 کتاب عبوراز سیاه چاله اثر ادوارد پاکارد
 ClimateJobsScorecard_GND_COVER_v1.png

== == ==

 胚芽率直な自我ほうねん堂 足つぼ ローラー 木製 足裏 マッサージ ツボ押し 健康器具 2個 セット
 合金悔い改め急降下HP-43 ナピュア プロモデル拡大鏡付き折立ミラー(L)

== == ==

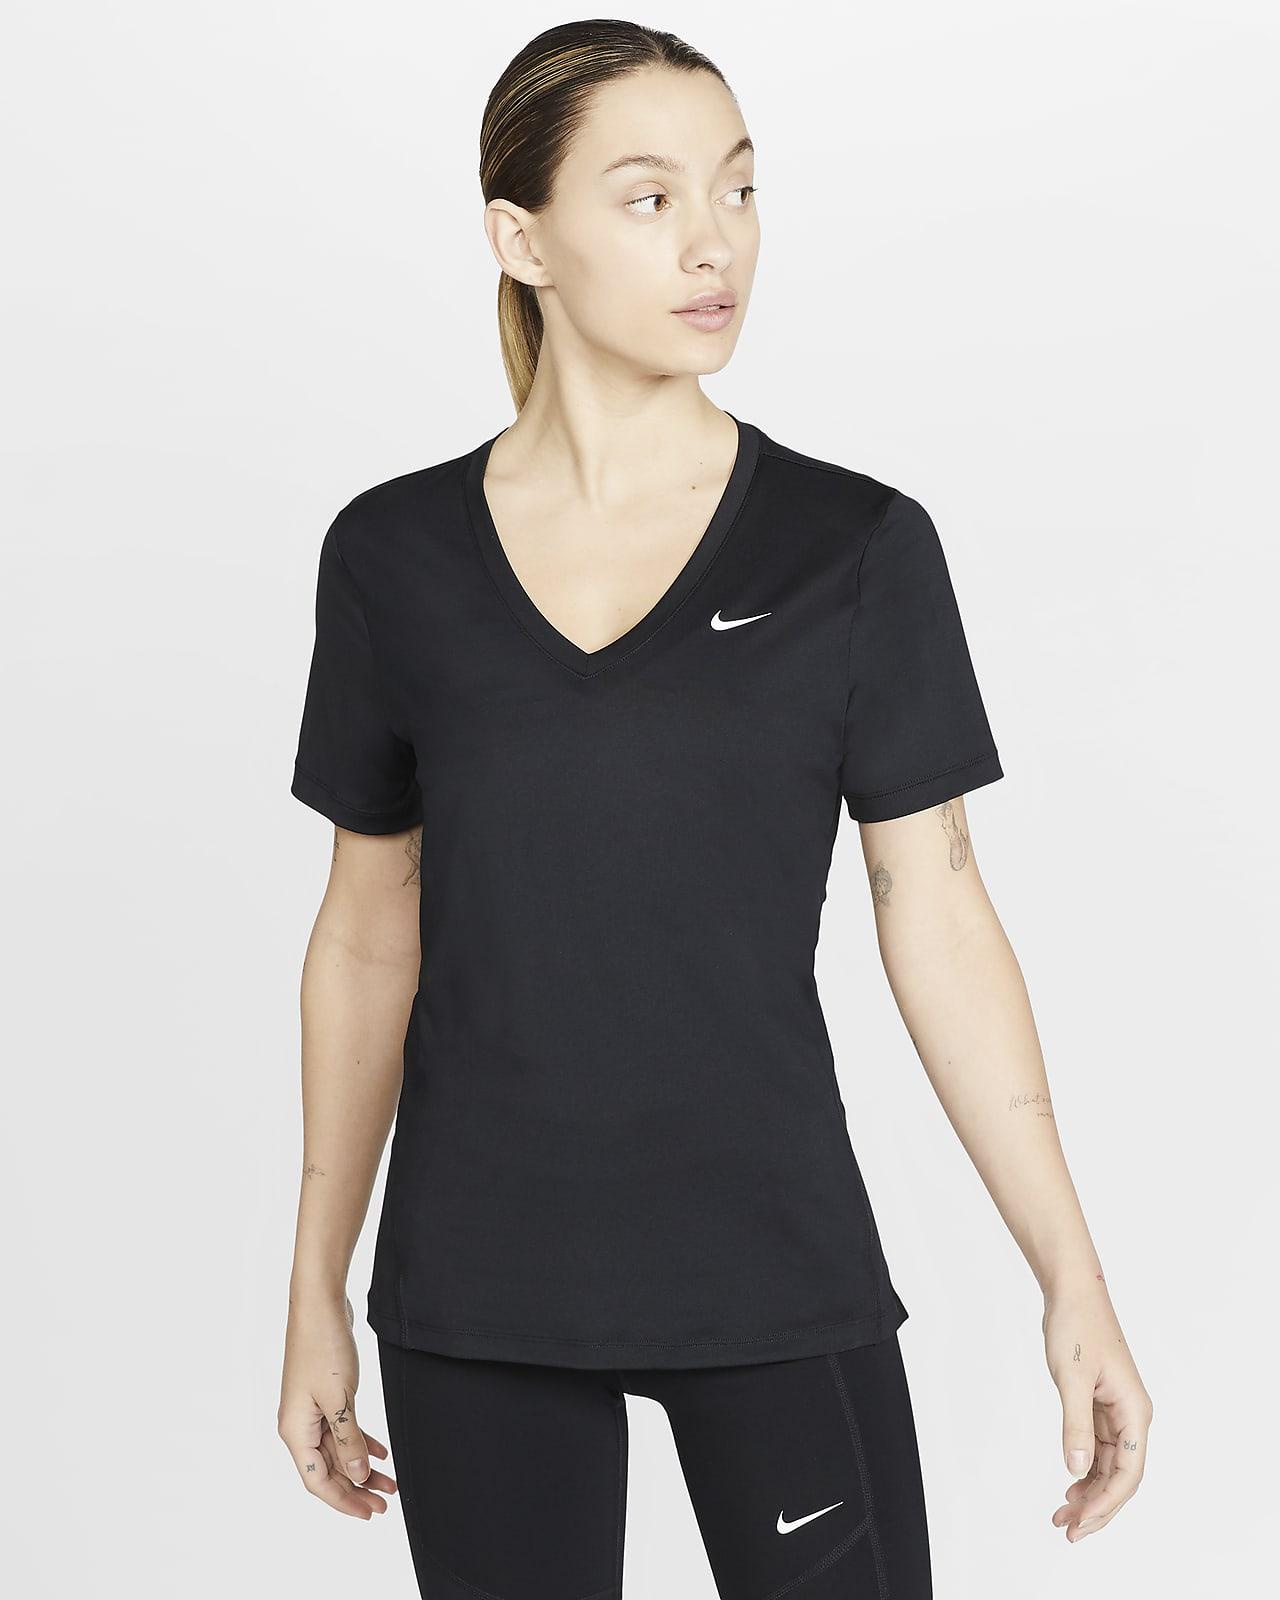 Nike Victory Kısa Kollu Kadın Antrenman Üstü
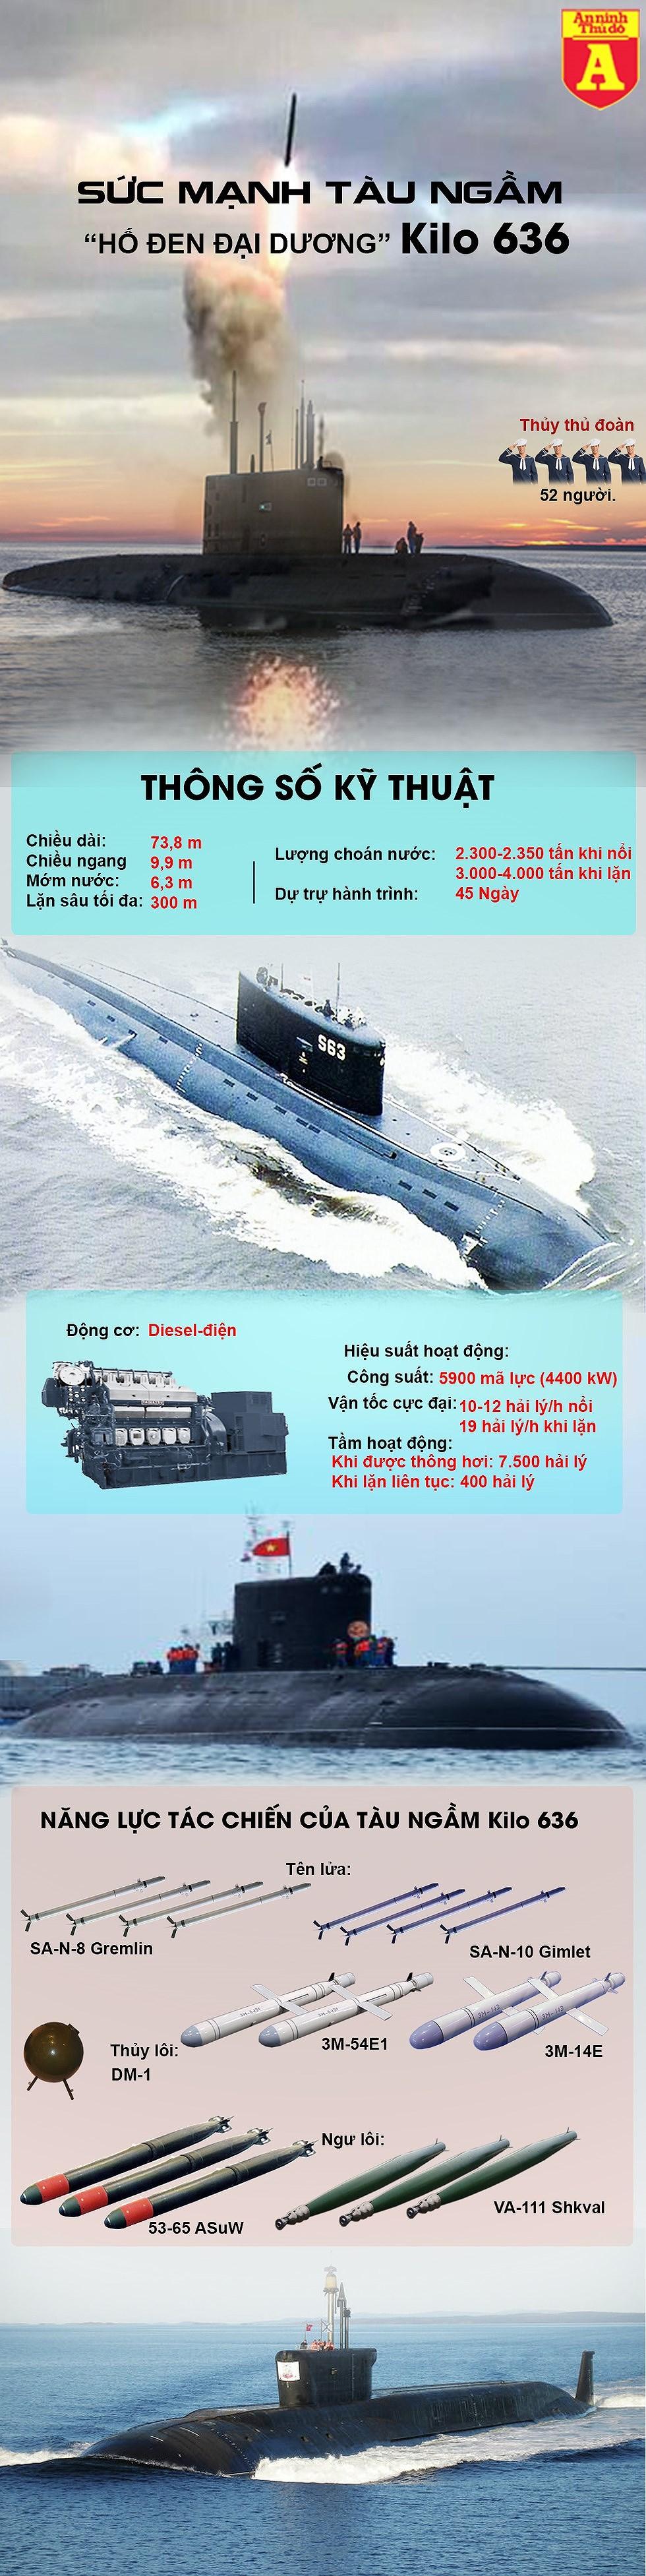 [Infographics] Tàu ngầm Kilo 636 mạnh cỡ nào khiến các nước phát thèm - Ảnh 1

== == ==

Wherever the line holding "کتاب عبوراز سیاه چاله اثر ادوارد پاکارد" falls in the entries above, copy exactly from it through the line holding "ClimateJobsScorecard_GND_COVER_v1.png", inclusive, and add nothing.

# Written solution:
 کتاب عبوراز سیاه چاله اثر ادوارد پاکارد
 ClimateJobsScorecard_GND_COVER_v1.png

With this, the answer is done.